The case asks whether a 19th century treaty still allows the Crow Nation to hunt on unoccupied federal land in Wyoming. A lower court allowed Wyoming to prosecute a Crow man for hunting off-season in the Bighorn National Forest.

“The decision below is profoundly wrong and profoundly unsettling,” the Indian petitioner wrote in his brief at the high court. “Affirmance not only would strip a sovereign Indian tribe of a longstanding, treaty-guaranteed right of enormous practical and spiritual significance; it would threaten the rights of numerous other Indian tribes that long ago reserved similar off-reservation protections in their own treaties with the United States.”

The case arose in January 2014 when Clayvin Herrera and several companions, Crow Indians all, pursued a small herd of elk from the tribe’s Montana reservation into the Bighorn National Forest in northern Wyoming. Once in Bighorn, they bagged three elk. The hunting party then transported the elk meat back to the Montana reservation to feed their families and other tribals over the winter.

According to Herrera’s attorneys, hunting was a necessary food supplement for many Crows, as the tribe faced serious economic privation during that period. (RELATED: Trump Administration Urges Supreme Court To Protect Cross-Shaped War Memorial)

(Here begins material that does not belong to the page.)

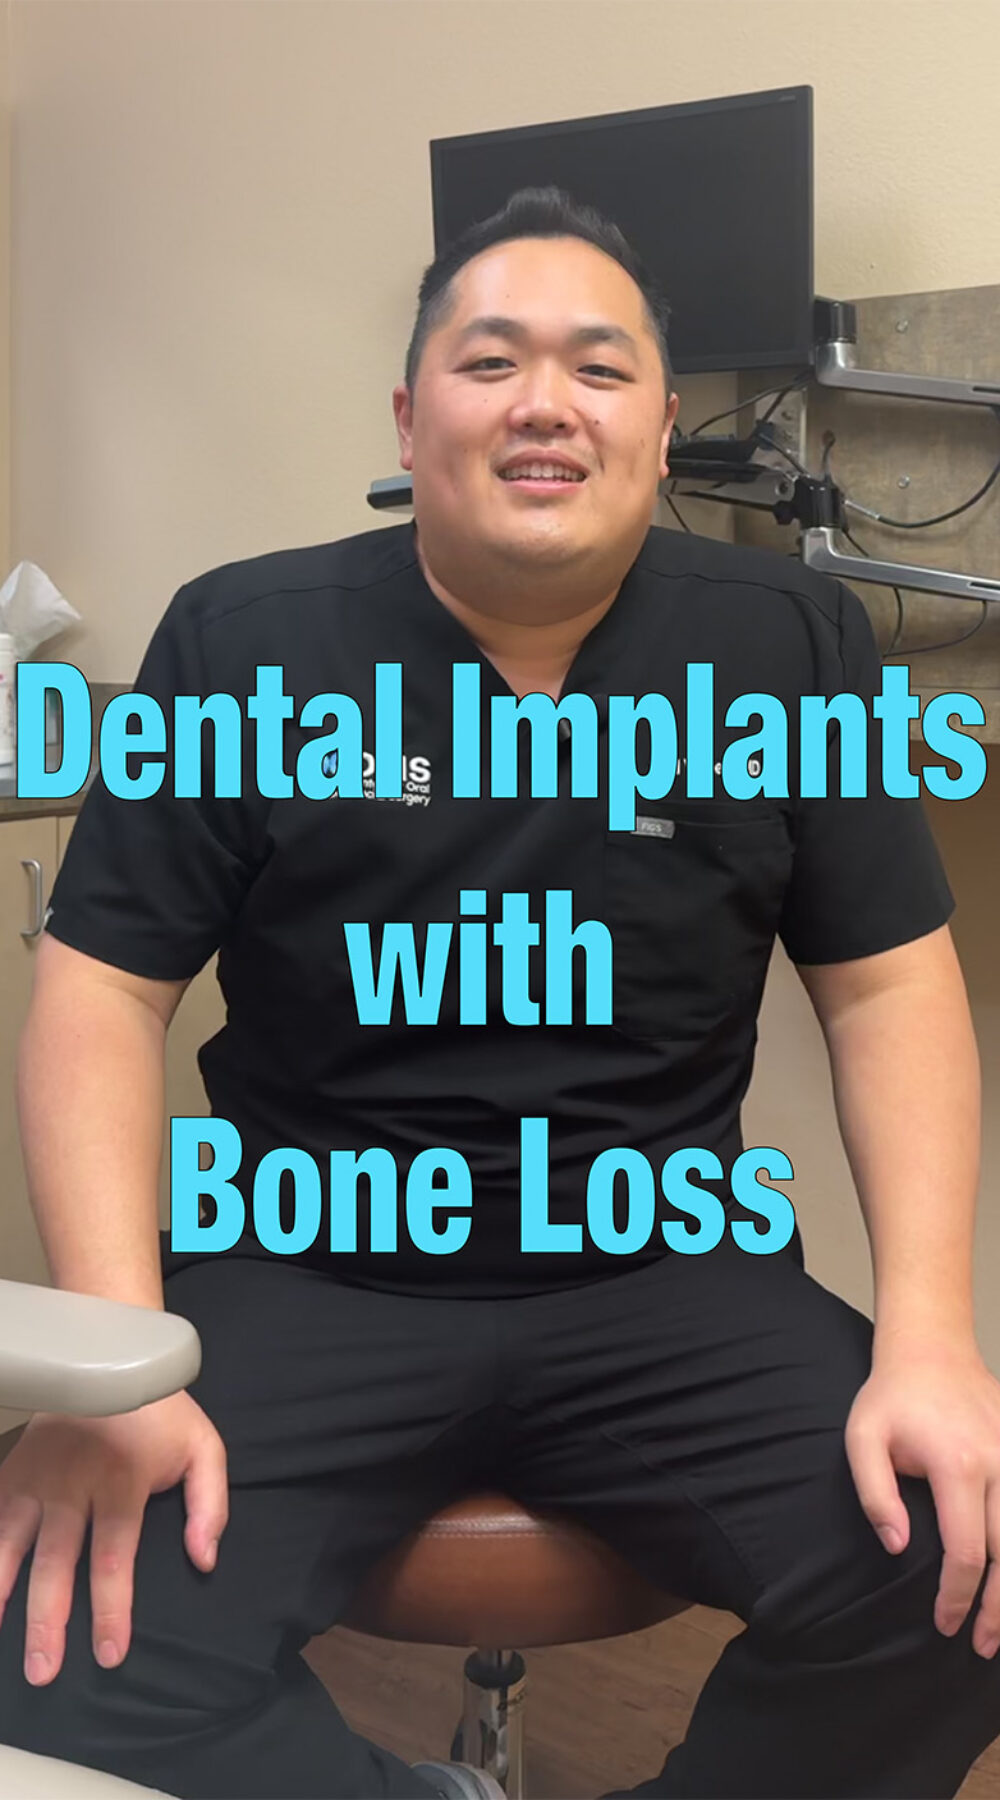 Dental Implants with Bone Loss Cover Art copy

State authorities in Wyoming charged Herrera with two misdemeanor violations of state hunting laws; he was convicted on both counts, made to pay an $8,000 fine, and refrain from hunting for three years. Herrera disputed those charges, arguing the 1868 Second Treaty of Fort Laramie guarantees the Crow right to hunt in Bighorn, a part of their aboriginal homeland. Tuesday’s case will turn on whether that treaty is still in force.

Wyoming says their admission to the union in 1890 nullified the 1868 treaty, and at least one Supreme Court precedent from the late 19th century supports that view. They further say Bighorn’s designation as a national forest in 1897 also overrode the Fort Laramie agreement.

The Supreme Court Building is seen on Decmeber 24, 2018. (Eric Baradat/AFP/Getty Images)

The Supreme Court Building is seen on Decmeber 24, 2018. (Eric Baradat/AFP/Getty Images)

But Herrera counters that 20th century developments in Indian law have displaced the arguments Wyoming advances. For example, in a 1999 decision called Minnesota v. Mille Lacs Band of Chippewa Indians, the Supreme Court found that the Chippewa retained hunting rights on land ceded to the federal government in 1837.

The Trump administration filed an amicus (or “friend-of-the-court”) brief supporting Herrera, writing in court documents that the federal government has “a substantial interest in the proper interpretation of its treaties with Indian tribes, in light of both its status as a party to such treaties and its special relationship with the Indian signatories whose rights such treaties secure.”

A six-state coalition led by Nebraska filed its own amicus brief supporting Wyoming, arguing that Herrera cannot advance his arguments because they were already rejected in a similar 1996 dispute in the 10th U.S. Circuit Court of Appeals.

A decision is expected by June.

Disclosure: The reporter’s wife was employed by a law firm that participated in this case, and did work on Herrera’s behalf.